Tue. Jun 25th, 2019

PDP is garbage free now, seek apology for ‘milik,tofee’remark: Mehbooba

‘Deserters forced me to compromise with BJP’

Bijbehara: Former Jammu and Kashmir chief minister Mehbooba Mufti on Monday apologized for her ‘toffee’ remark, saying she was concerned for ‘her children being pushed to rallies where they got injured’.
“Didn’t I have this right to tell these children in a loud voice that you were part of my rallies… why were you asked to stand in the front of those rallies (protest demonstrations) where you, God forbid, got injured,” said Mehbooba while addressing her workers on the death anniversary of her father Mufti Muhammad Sayeed. “I still apologise if anyone was hurt,” she said: “What else can I do?”
Mehbooba was widely criticised for her comment during 2016 uprising that the “youth were not going to army camps and police stations to buy toffee and milk”.
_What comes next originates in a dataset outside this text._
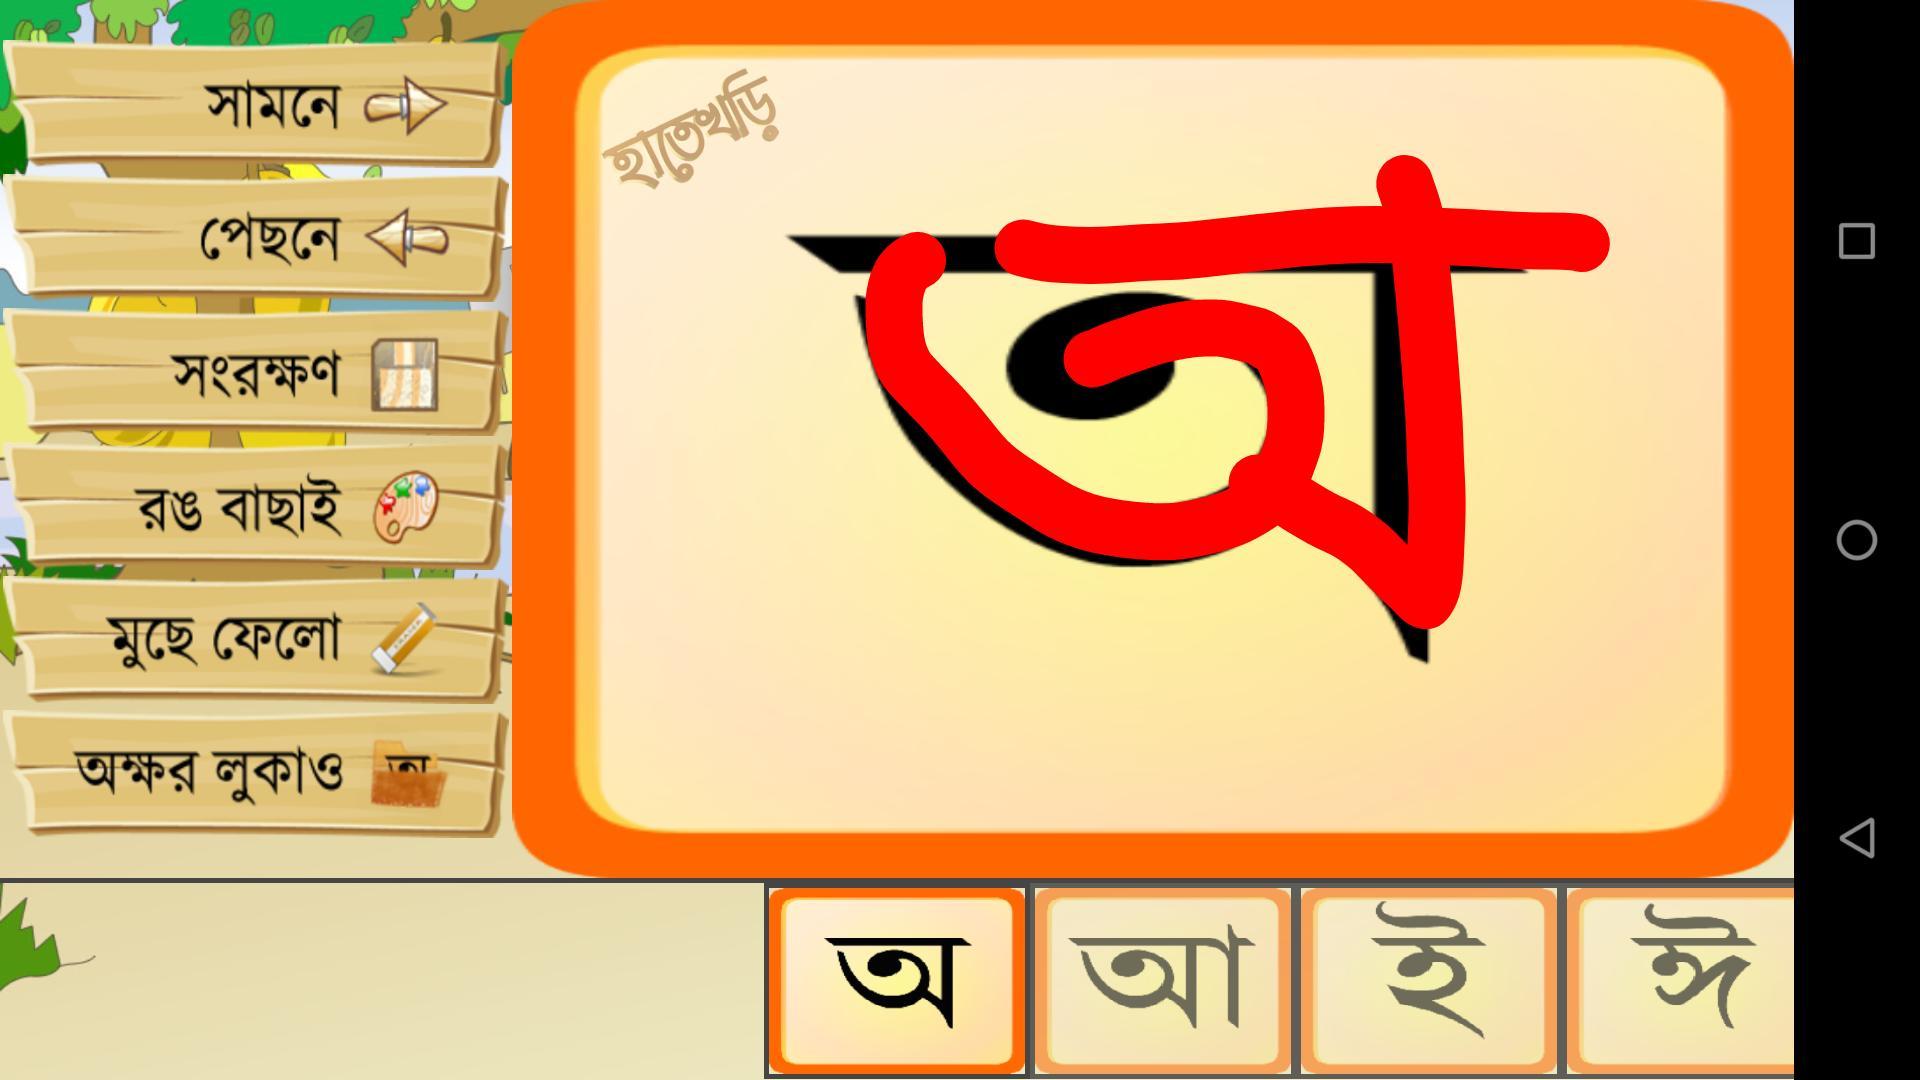 হাতে খড়ি (Bangla Alphabet) for Android - APK Download

She made the comment while addressing a press conference in Srinagar along with Home Minister Rajnath Singh at the peak of the uprising triggered by July 8 killing of militant commander Burhan Wani.
She invited the youth to join the Peoples Democratic Party (PDP), saying that her party was “free of garbage now”.
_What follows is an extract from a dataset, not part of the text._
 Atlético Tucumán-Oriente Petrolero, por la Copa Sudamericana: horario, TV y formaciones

“From this platform, I want to invite the youth of Jammu and Kashmir who are educated and interested in resolution of the Kashmir issue to come and join us,” said Mehbooba.
“All the garbage in the party has gone out with the wind,” she said while referring to a spree of resignations of her party leaders.
She alleged that those who deserted the party created the disturbances when she had put forth some conditions before BJP after the death of her father. “These deserters went to Nagpur and assured them they will set aside Mehbooba and will form a Government with BJP,” she said.
Mehbooba Mufti said that she had asked BJP to return the power projects and withdraw army from Tatoo Ground, Anantnag High Ground and in Ladakh. “But those who created disturbances in the party approached Nagpur to sideline me. They forced me to compromise,” she said.
She asked the youth to help her to take the state “out of this misery”.
Defending her recent visit to the family of a slain militant in Pulwama, she wanted to send across a message that the families of the militants shouldn’t be harassed.
“A girl was being harassed there, it was question of her honour. I thought my visit to the family would send a message to the government that if we have to fight the militants we don’t have to harass their families,” she said.